Differences between provisions

74. Though these processes are all directed to the same aim, there are some crucial differences:

  • The first three processes are available only to those with a particular status; the fourth is available to everyone.
  • The first three require the court to attach a power of arrest in all cases when the interdict is ancillary to an exclusion order, and in all other cases unless the court considers it to be unnecessary to attach a power of arrest. The fourth allows the court to attach a power of arrest if it considers it necessary.
  • The time-limits are different. With spouses (matrimonial interdicts) the power of arrest presently comes to an end at the termination of the marriage (1981 Act, s 15(2)), though the section 9 of the Bill will substitute for that provision a period of three years. The equivalent provision for civil partners (2004 Act, s 114(3) - relevant interdicts) is also to be amended by the Bill (schedule 1, paragraph 7). There is no time limit for cohabitants (domestic interdicts). Under the 2001 Act the court will specify how long the power of arrest is to last (which is to be no more than three years (2001 Act, s 1(3)).

Case for consolidation

75. Evidence received from practitioners, including the Law Society of Scotland, indicated that the Protection from Abuse (Scotland) Act 2001 has operated very well since it came into force, and that it deals directly and appropriately with all the matters dealt with by the other legislative provision. They concluded with a recommendation that these other legislative provisions be repealed.27 Scottish Women’s Aid expressed their strong support for the 2001 Act and called for the law in this area to be clarified in order to avoid confusion.28 In oral evidence, Professor Clive echoed the concern of Scottish Women’s Aid that the law has become too complicated and that people find it confusing and difficult that the sets of provisions are basically the same, but differ slightly in detail. He concluded, “let us have one act instead of four separate sets of provisions.”29

76. It seems to the Committee that the views of the Law Society, Scottish Women’s Aid and Professor Clive merit serious consideration. There is no doubt that the statutory law, contained in three separate Acts as described above, is complex. If it is true that the Protection from Abuse (Scotland) Act 2001 is operating satisfactorily and achieving all that these three Acts set out to achieve, then removing sections 8, 9 and 24 from the Bill, repealing the relevant provisions in the 1981 Act and the Civil Partnership Act 2004, would simplify and clarify the whole law.

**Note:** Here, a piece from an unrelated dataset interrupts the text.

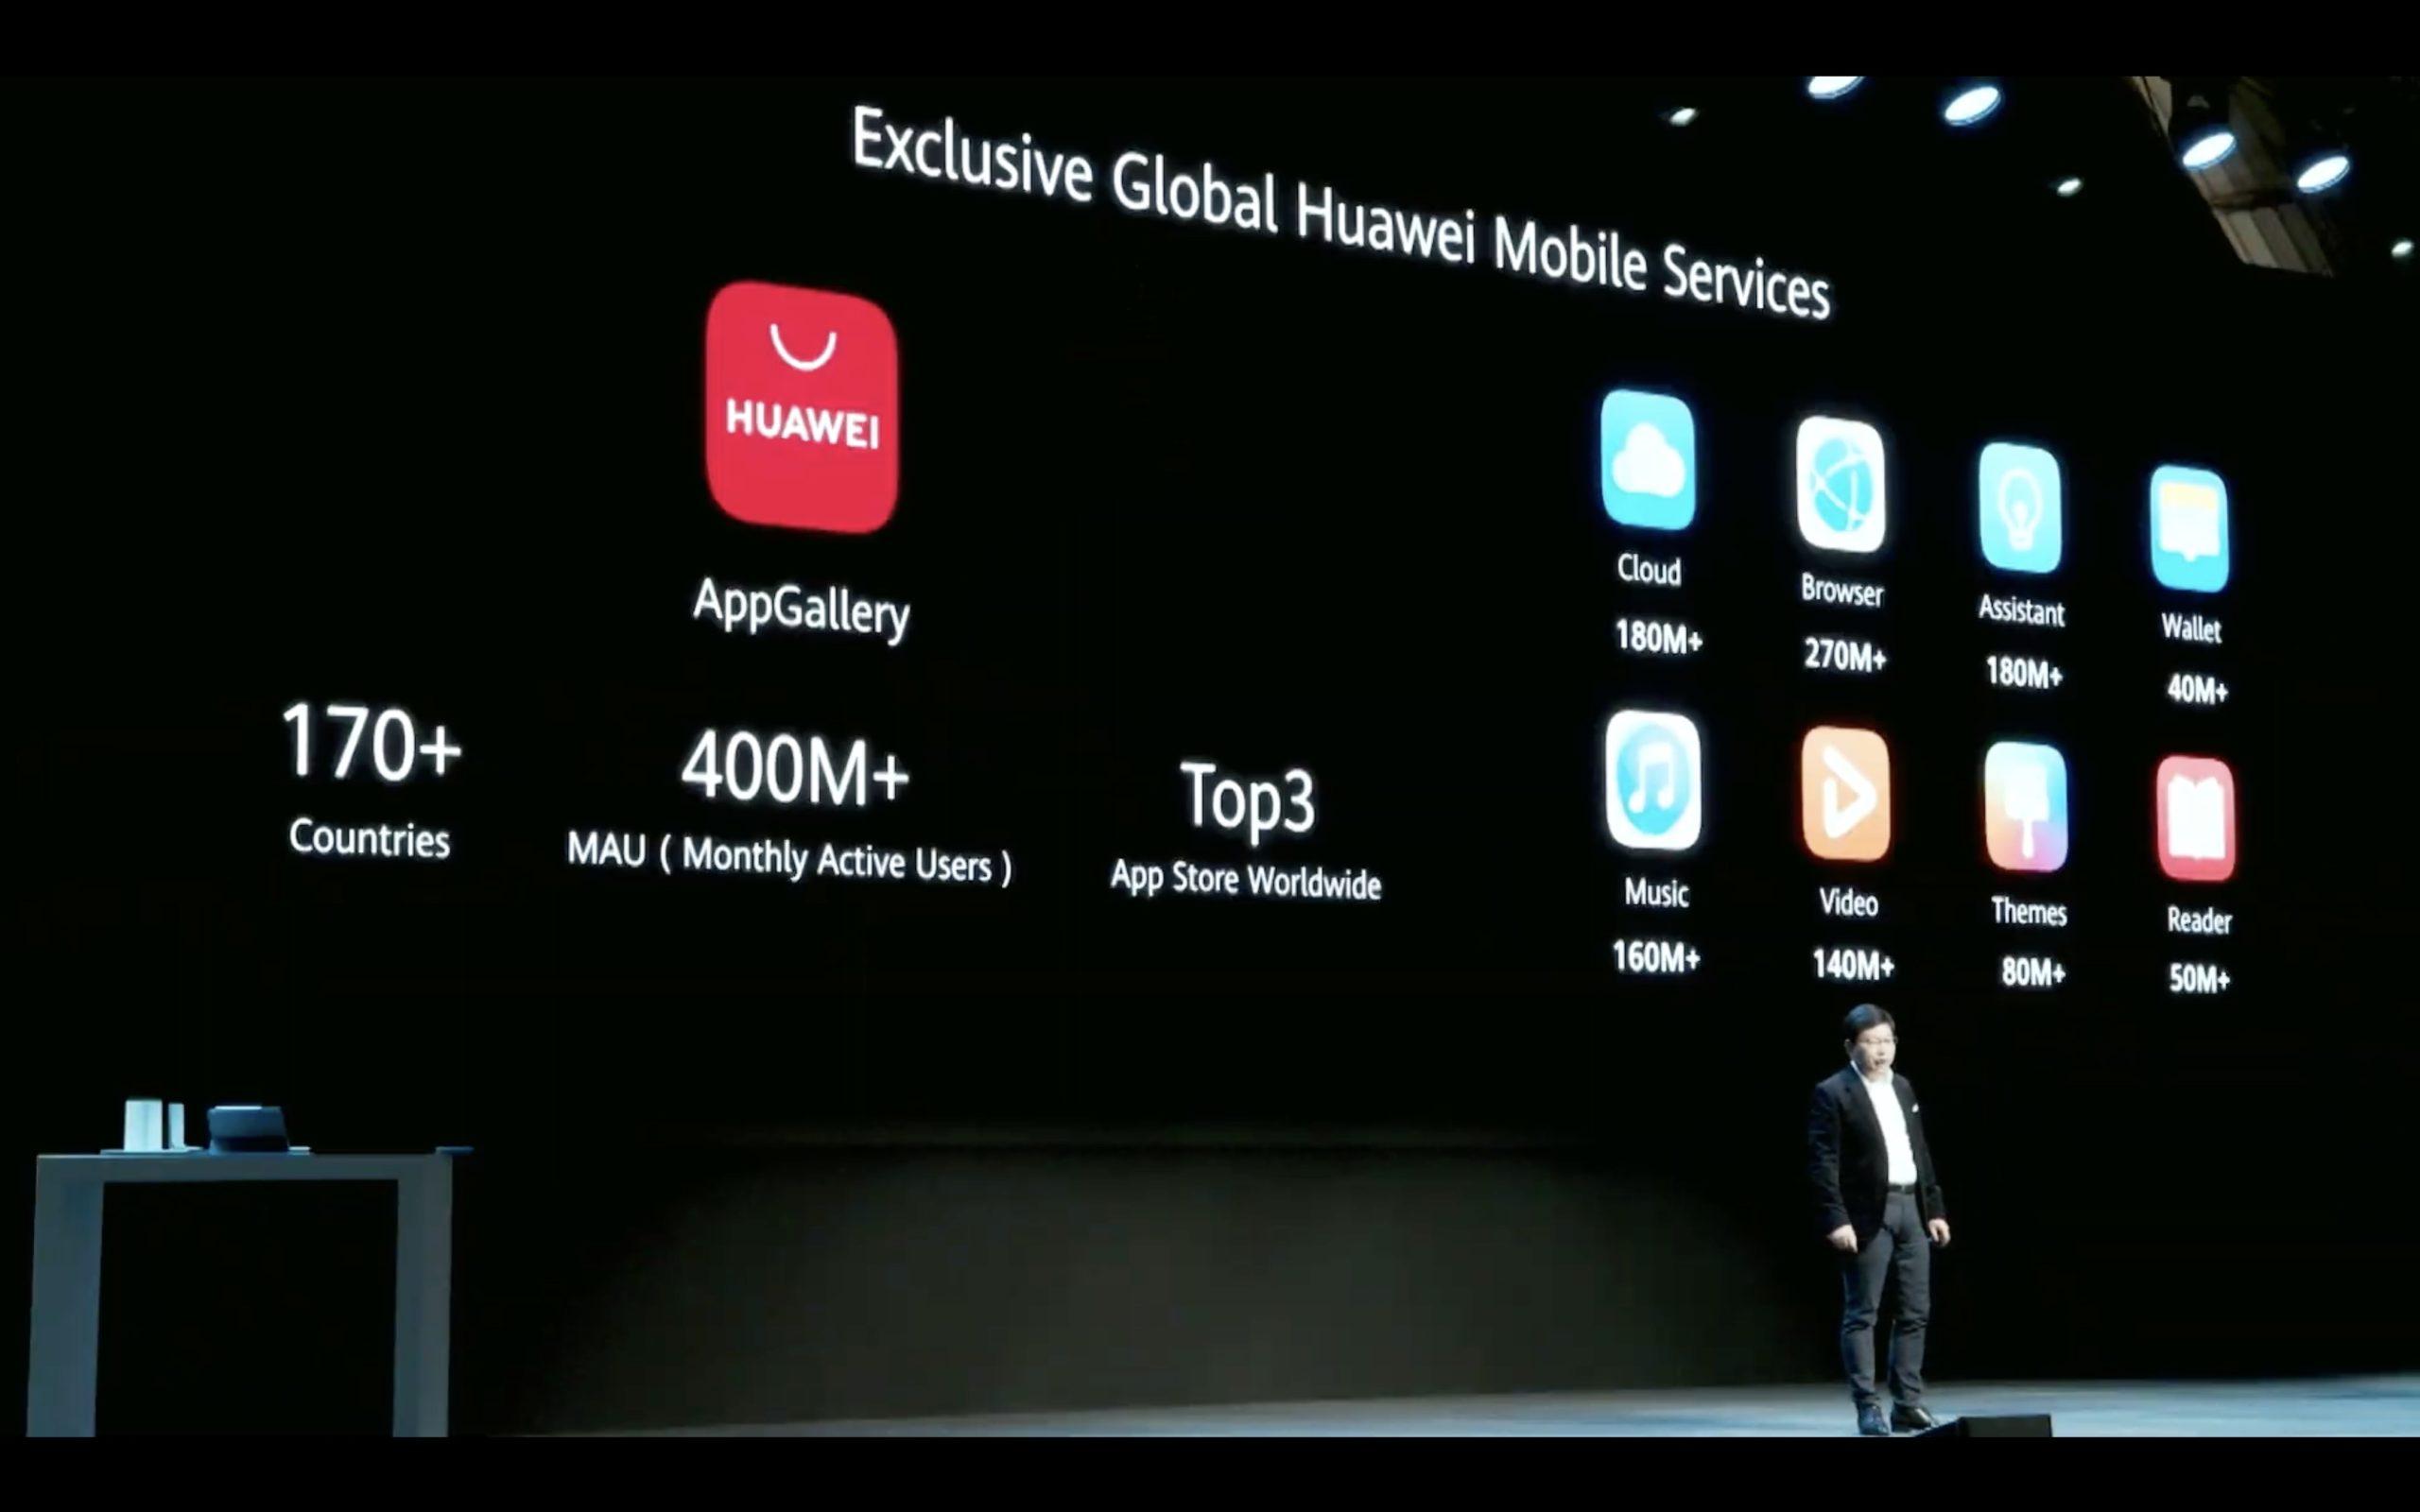 Huawei appgallery — альтернатива google play store

77. The Committee, therefore, recommends that the Executive should consult legal practitioners, sheriffs, the police and other stakeholders as a matter of urgency with a view to simplifying this area of the law. The Executive should confirm its findings and intentions to the Committee.

Other domestic violence implications

78. Scottish Women’s Aid, in their written and oral evidence, expressed the view that various amendments to the 1981 Act proposed in the Bill would increase the vulnerabilities of women. Their first concern was the limitation in the period during which occupancy rights lasted to two years. We note, however, and welcome, the undertaking of the Deputy Minister to amend sections 4 and 5 to “stop the clock” when an action is raised.30 This may possibly meet the legitimate concerns of Scottish Women’s Aid.

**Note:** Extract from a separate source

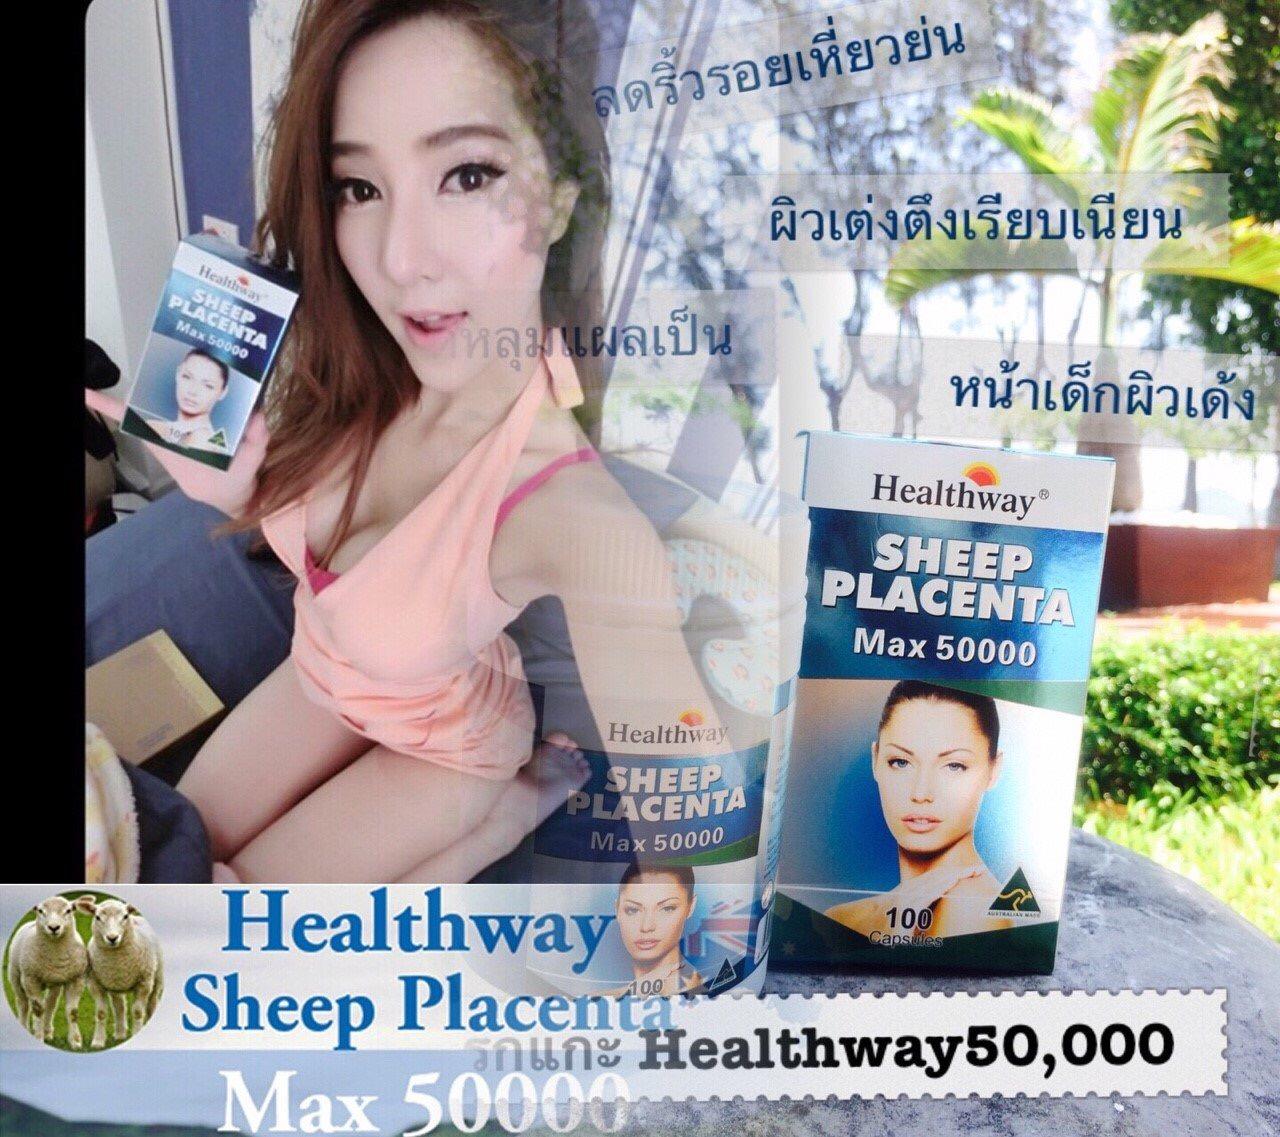 Healthway Sheep Placenta Max 50000 รกแกะเฮลท์เวย์ 100 แคปซูล

79. The second concern raised by Scottish Women’s Aid was the amendment in section 5 which limits occupancy rights to claims against the spouse or a third party to whom the spouse transfers the house. However, we accept the policy behind section 5 which, as we understand it, is based on the fact that while a third party dealing with an entitled spouse can easily discover whether (non-registered) occupancy rights exist, a fourth party dealing with the third party, and a fifth party dealing with the fourth party (and so on) cannot do so as readily.

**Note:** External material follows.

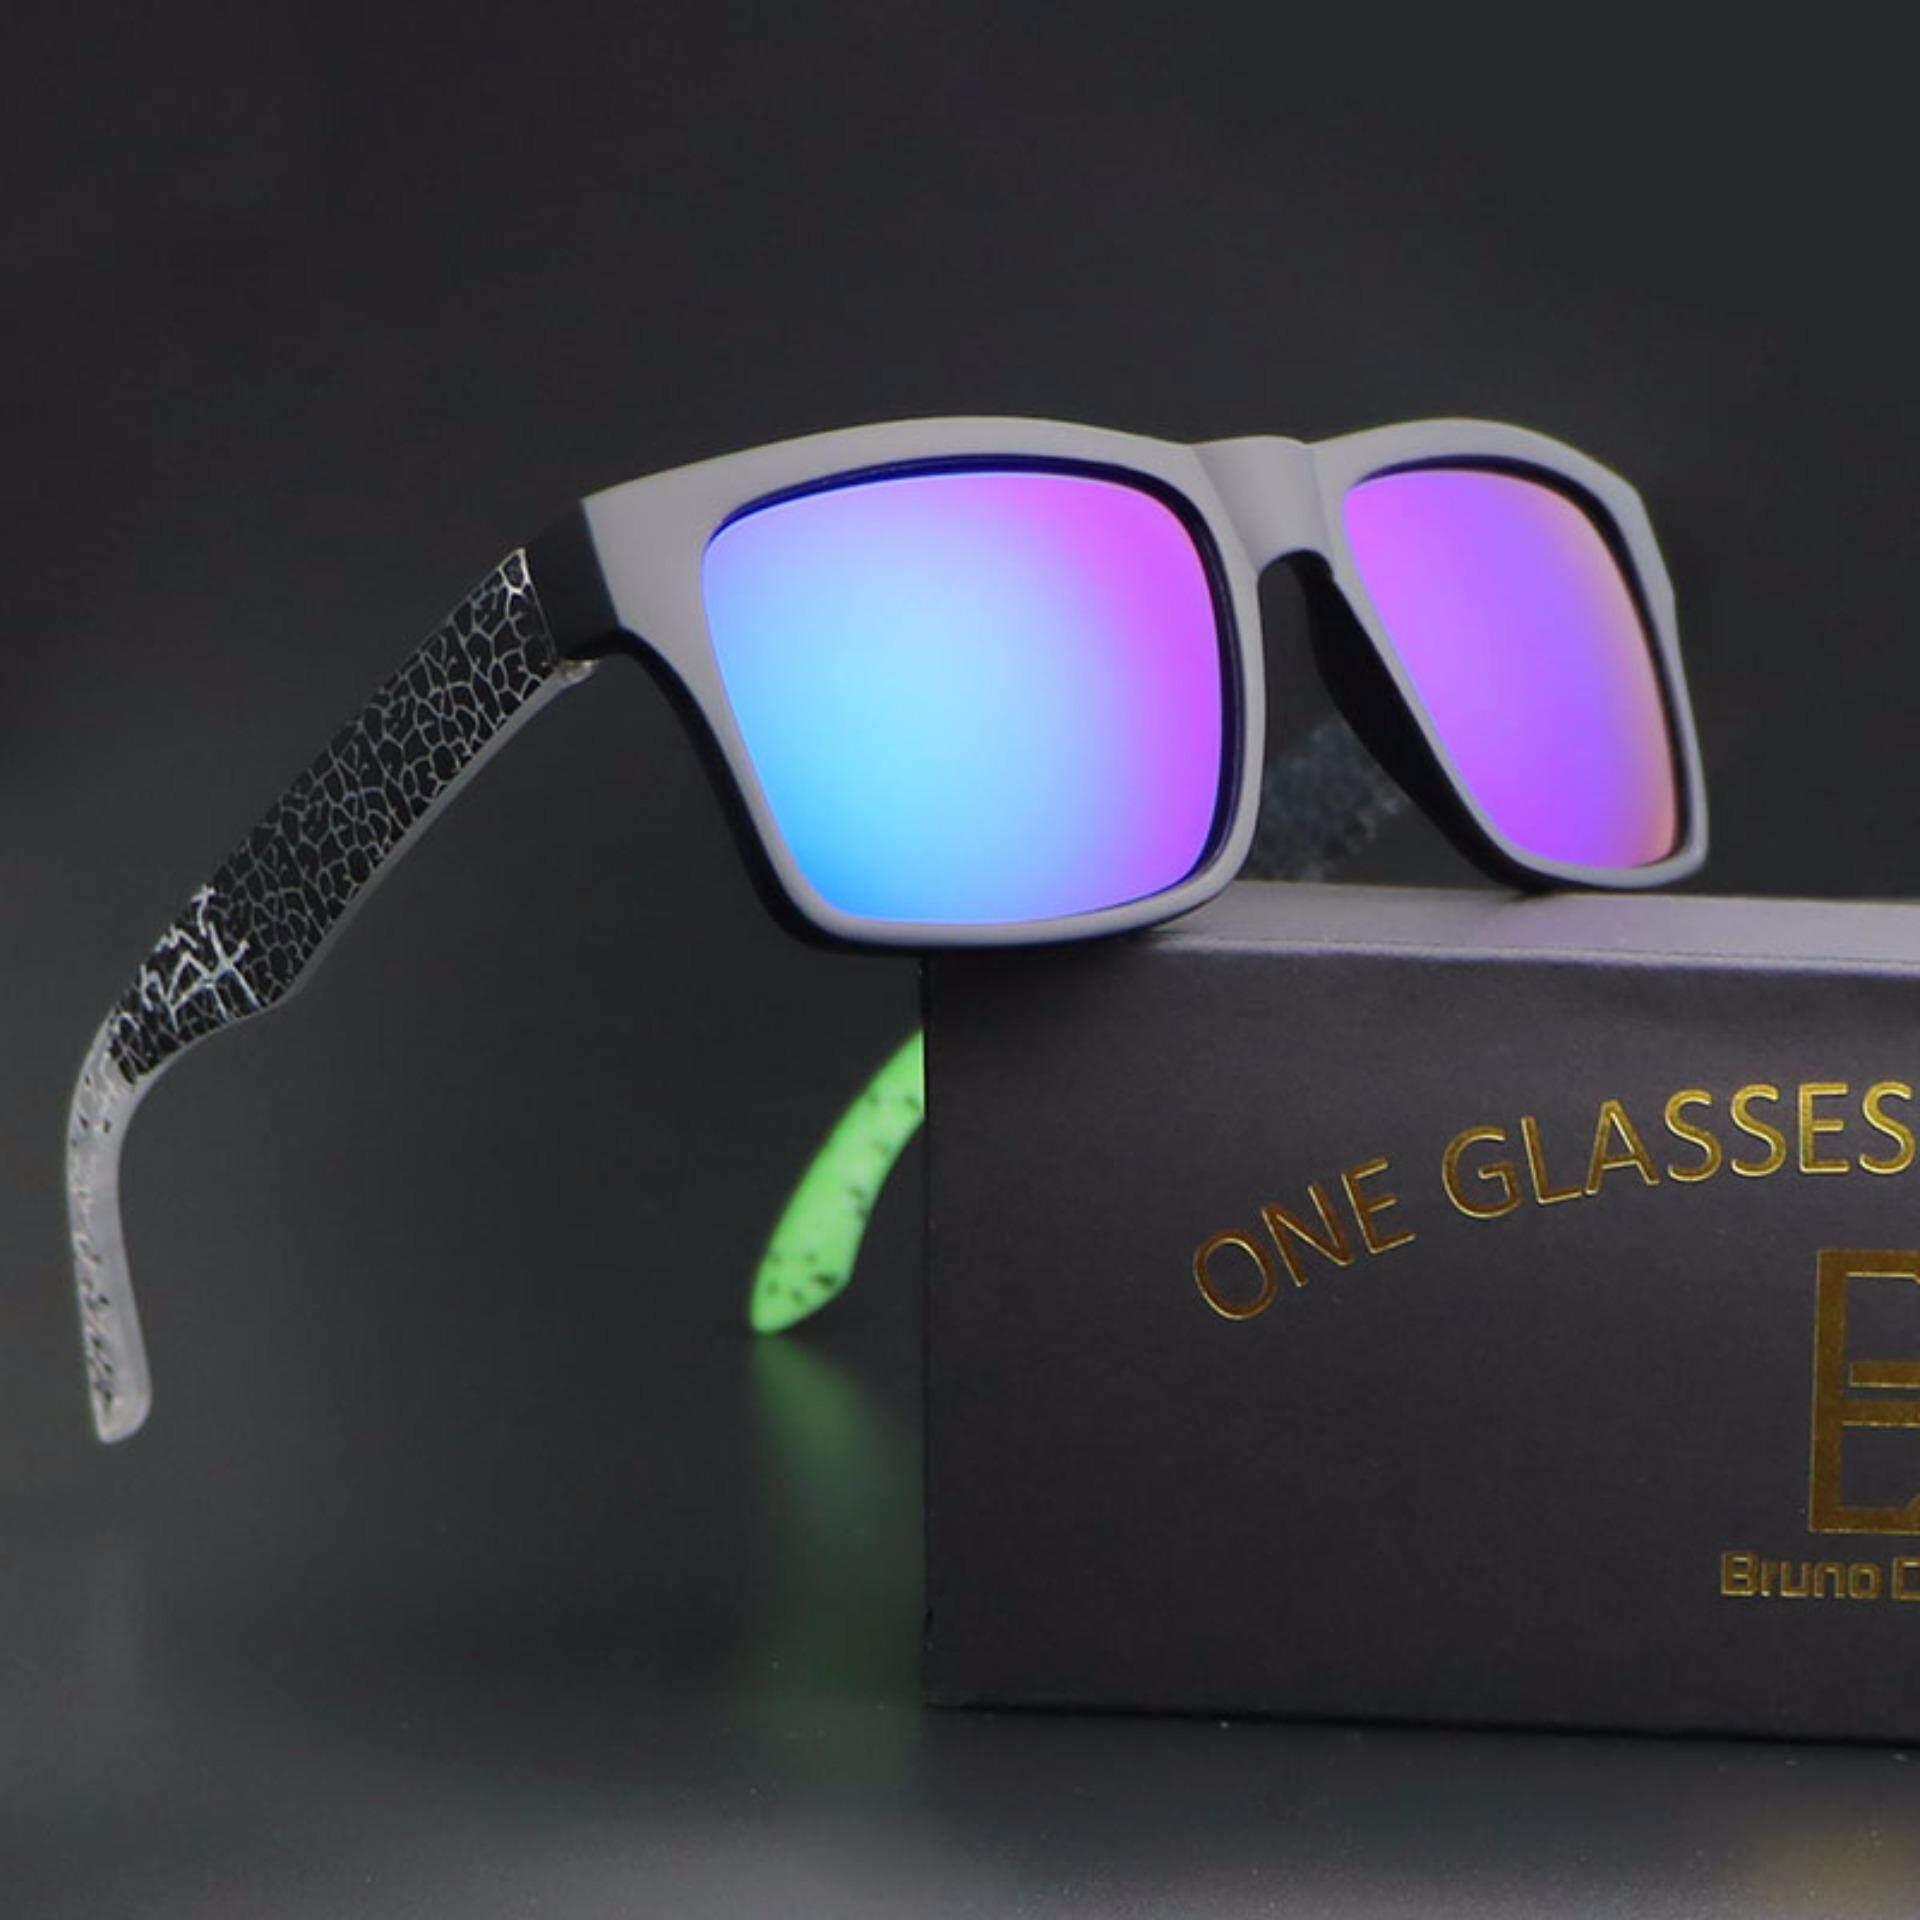 WY Ting 2018 Baru Bingkai Hijau Hijau Kacamata Hitam Lensa Pria Wanita Olahraga Kacamata Hitam Helm

80. The Committee wants to ensure that the provisions in the Bill balance the rights of the buyer of a house with those of a spouse with occupancy rights to the property. It would be helpful if the Executive would clarify what protection exists in law for a vulnerable spouse if a matrimonial home has been sold on to a fourth or fifth party without his or her knowledge. The Committee also seeks clarity on whether the existing law is adequate to deal with situations where the transfer of the property to a third and then a fourth party is the result of collusion with the entitled spouse.

Parental Responsibilities and rights

Automatic PRRs for unmarried fathers

81. In the Policy Memorandum to the Bill, the Executive states that “the policy objective [of section 17 of the Bill] is to promote fathers’ participation with th eir families by providing that fathers who are not married to the mother of a child will automatically acquire Parental Responsibilities and Rights (PRRs) if they jointly register the birth with the mother.”31

82. The Executive recognises that the existing law in Scotland gives no automatic recognition to unmarried fathers other than th eir child support obligations32 and that this does not adequately reflect the reality of families in Scotland today. The Policy Memorandum indicates that updating the law to reflect the reality of family life in Scotland today is one of the three core principles that guide this reform of family law. Furthermore, the Executive states that, in line with another core principle of promoting and supporting stable family relationships, its view is that a child is entitled to the loving involvement of both of its parents in its upbringing.

83. At present, unmarried fathers can acquire PRRs by marrying the mother; making a Parental Responsibilities and Parental Rights Agreement (PRPRA) with the mother, known as section 4 agreements as they are provided for by section 4 of the Children (Scotland) Act 1995 (“the 1995 Act”); obtaining a court order under section 11 of the 1995 Act; or (after the mother’s death) by being appointed by her as guardian under section 7 of the 1995 Act.

84. Section 1 of the 1995 Act describes parental responsibilities as the responsibility to:

  • safeguard and promote the child’s health, development and welfare;
  • provide direction and guidance to the child;
  • maintain personal relations and direct contact with the child on a regular basis; and
  • act as the child’s legal representative.

85. These responsibilities apply until the child is aged 16 years, with the exception of the responsibility to provide the child with appropriate guidance, which applies until the child is aged 18 years.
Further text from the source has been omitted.